# Some Of My Old Tank Pics



## DiPpY eGgS

Hi
I was going through my old pictures and thought I would re-post some of them, to share with some of you planted piranha tank lovers.
I had a compressus and a rhom in most of these tanks.

Hope you enjoy!

I had to sell my rhom last week, because I only have a 75g, and he was getting quite large.. (got him 3 years ago @ 3")
His new home is a 180g, and I'm very happy for him.
Sooo.. My wife wanted a change from piranhas.. She likes angelfish, and I kind of don't, so I got her the 2nd coolest angelfish I could find, the wild Peruvian P. scalare(or false Altum tiny nickel sized ones)


----------



## CLUSTER ONE

Looks great as always. I've always liked your tanks.


----------



## DiPpY eGgS

Thanks a lot.

The last 2 shots are of my current, freshly planted aquarium. I should be updating the site on that tanks progress.

The angels are tiny lol


----------



## Piranha-Freak101

What a nice tank ! I always wish to have a tank like that someday !


----------



## Guest

Nice tanks and fish


----------



## Mr. Hannibal

Some of the best planted tanks i've ever seen...


----------



## Guest

really quick question.... I love your tanks..... and wanted omething similiar... but how do you gravel vac???









sorry for derailing thread


----------



## DiPpY eGgS

Thank you Piranha-freak, c_granger, and traveller, 
Mr. Hannibal, those comments keep me going!

granger, the substrate commonly used in planted aquaria is usually very small grained.
Detritus, and other waste material can't get trapped under it too easily, therefore you just simply skim the surface of the gravel, or just go over the plants, and you are done.

In a massive clump of plants, I just get where I can without disturbing the plants, and it's fine.
It ends up being consumed by the plants anyway. lol


----------



## Guest

Dippy Eggs, in the 6th pic, what is the plant in the center foreground ?
ps. I like that pearling pic







, I haven't had any luck getting any tanks to pearl yet.


----------



## DiPpY eGgS

Traveller said:


> Dippy Eggs, in the 6th pic, what is the plant in the center foreground ?
> ps. I like that pearling pic
> 
> 
> 
> 
> 
> 
> 
> , I haven't had any luck getting any tanks to pearl yet.
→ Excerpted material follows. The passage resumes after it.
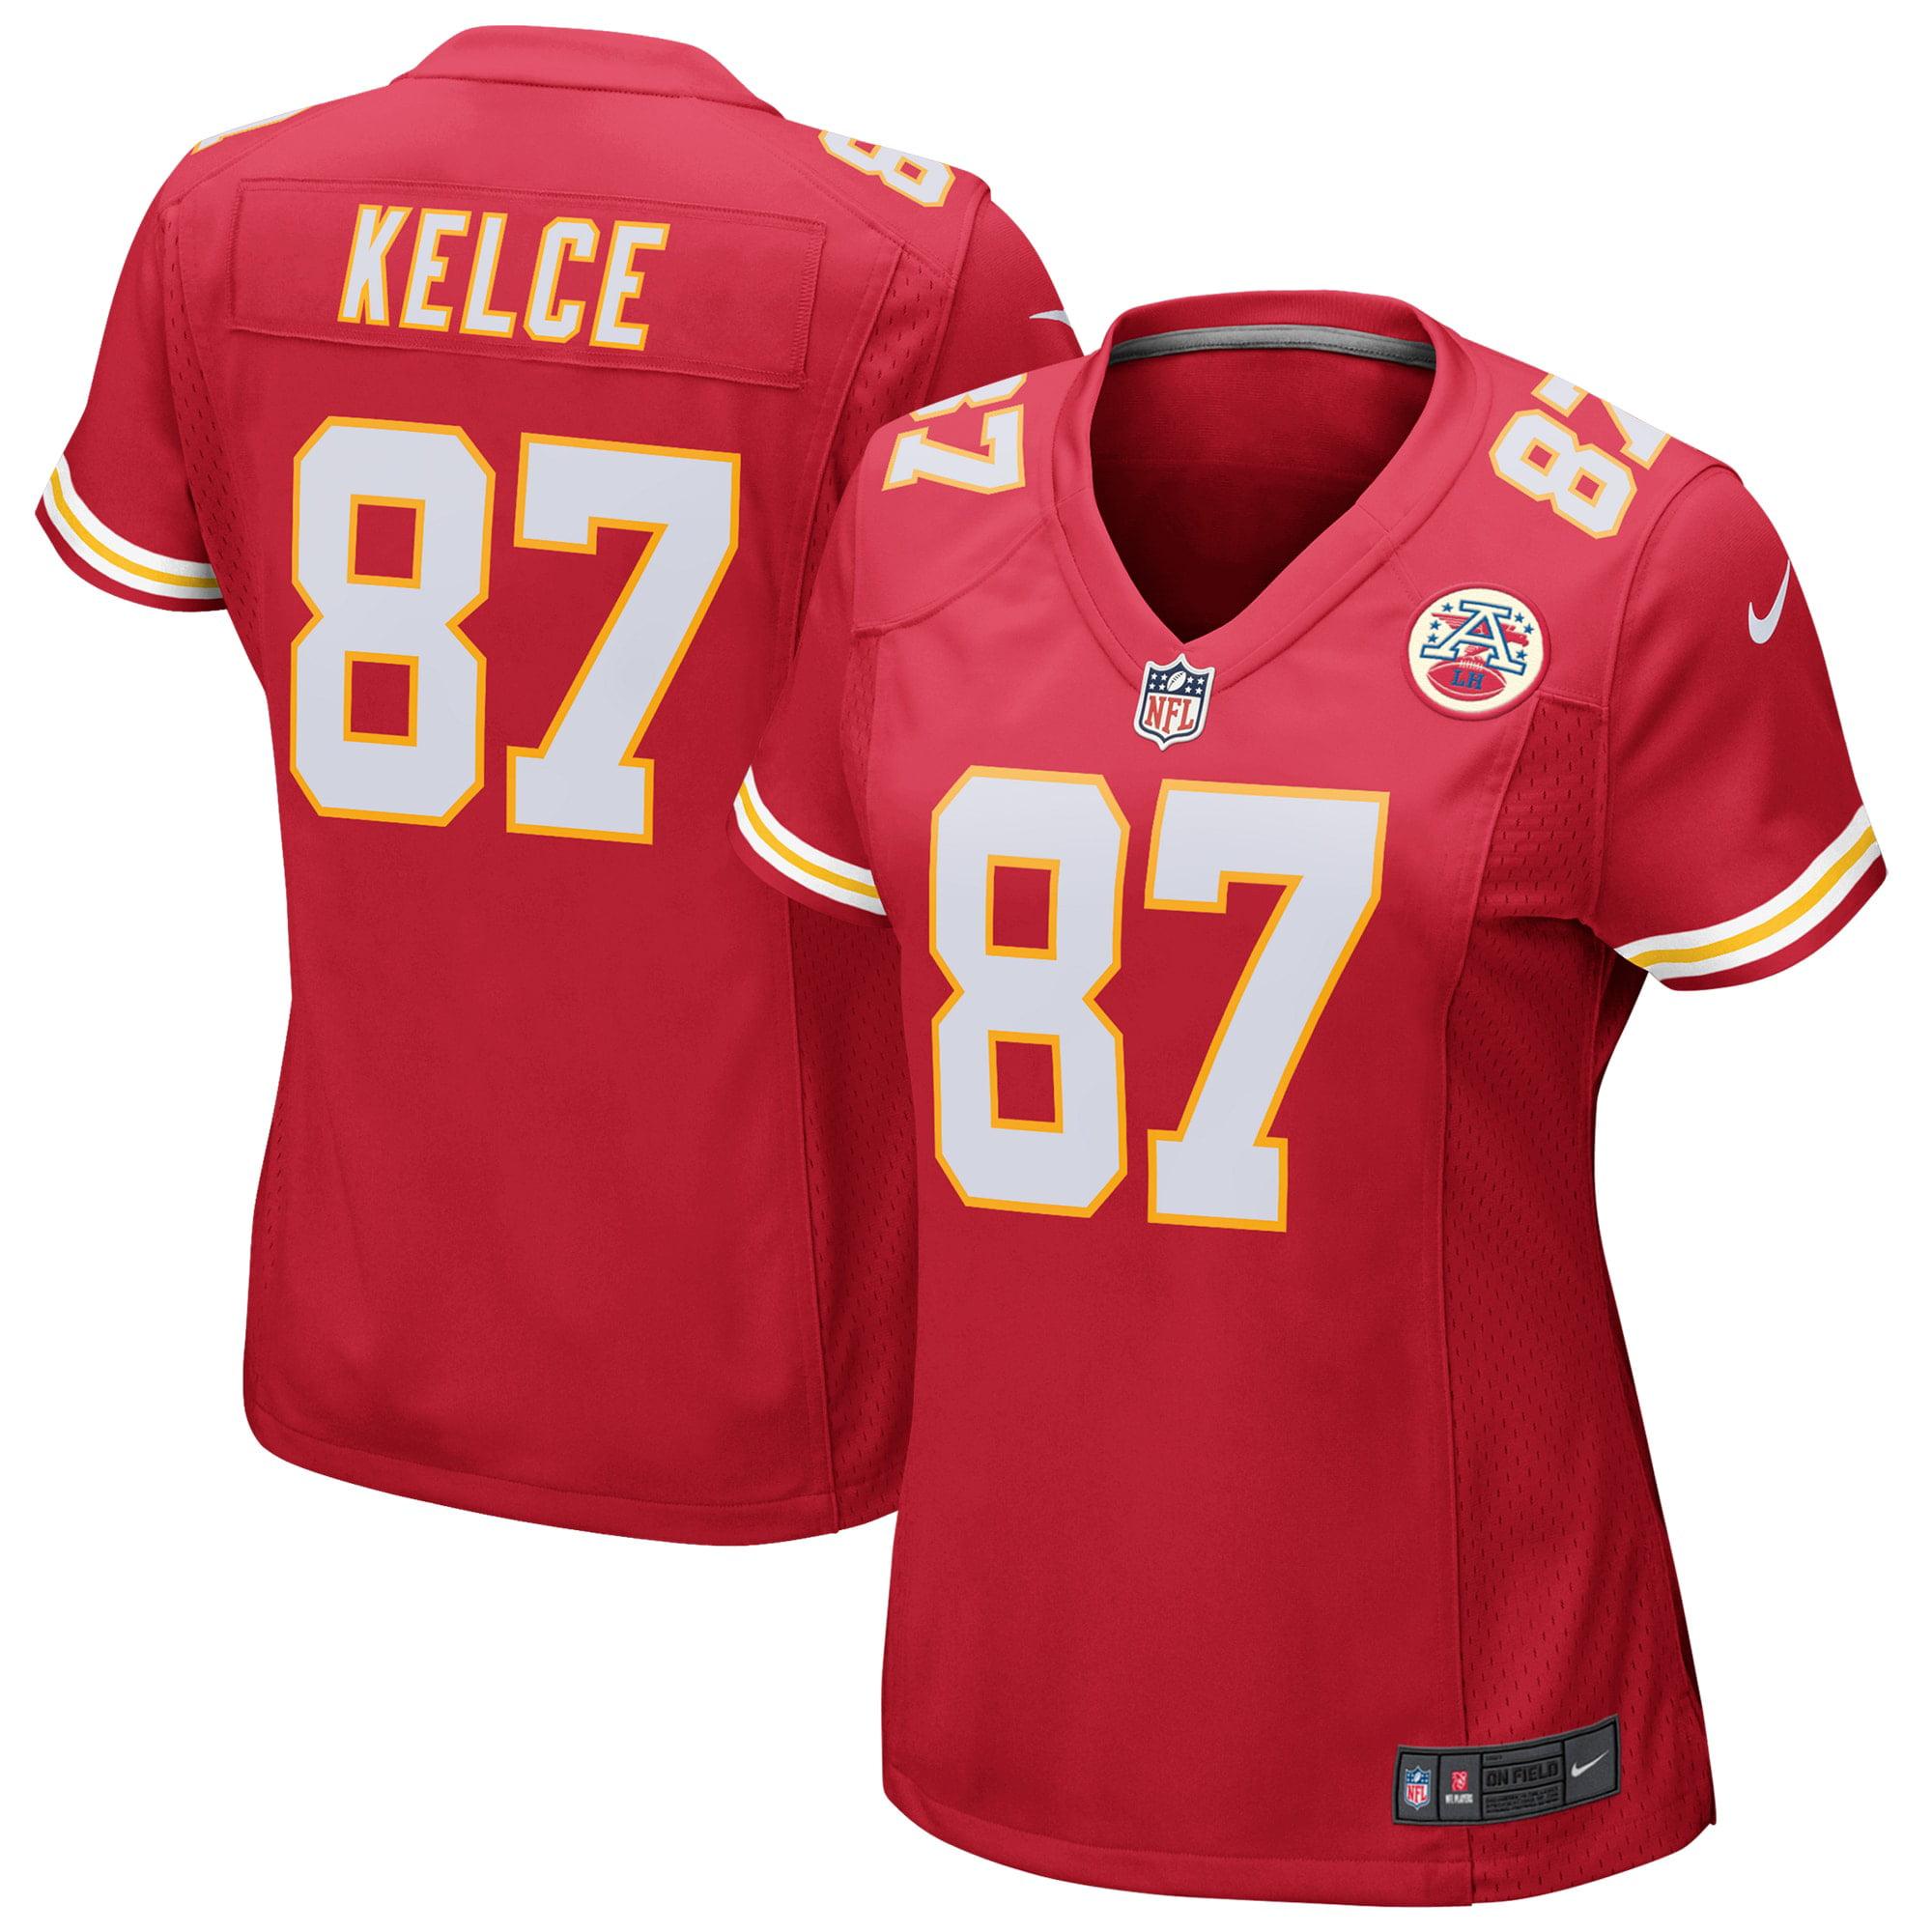 Travis Kelce Kansas City Chiefs Nike Women's Game Jersey - Red - Walmart.com

I'm guessing you mean the crawling plant, center foreground?
If so, that is Rotala mexicana 'Goias'

But if you are referring to the stem plant in the center, that is Ludwigia inclinata var. verticillata 'Pantanal'

The pearling plant is Ludwigia inclinata var. verticillata 'Cuba'
Pearling usually only happens when you use higher light, and CO2. It is a result of your water being 'super-saturated' with oxygen from your plants exhaling.
O2 has no where to go but simply forming bubbles on the underside of the leaves.


----------



## Piranha-Freak101

those were some lucky fish!.... how long did it take you to grow out all the plants in the 8th pic


----------



## DiPpY eGgS

piranha-freak101 said:


> those were some lucky fish!.... how long did it take you to grow out all the plants in the 8th pic


Thanks!

If you mean the tank with the lighter green Hemianthus micranthemoides, spreading from taller on the left to the open, shorter expanse on the right, not very long, just about 3 months.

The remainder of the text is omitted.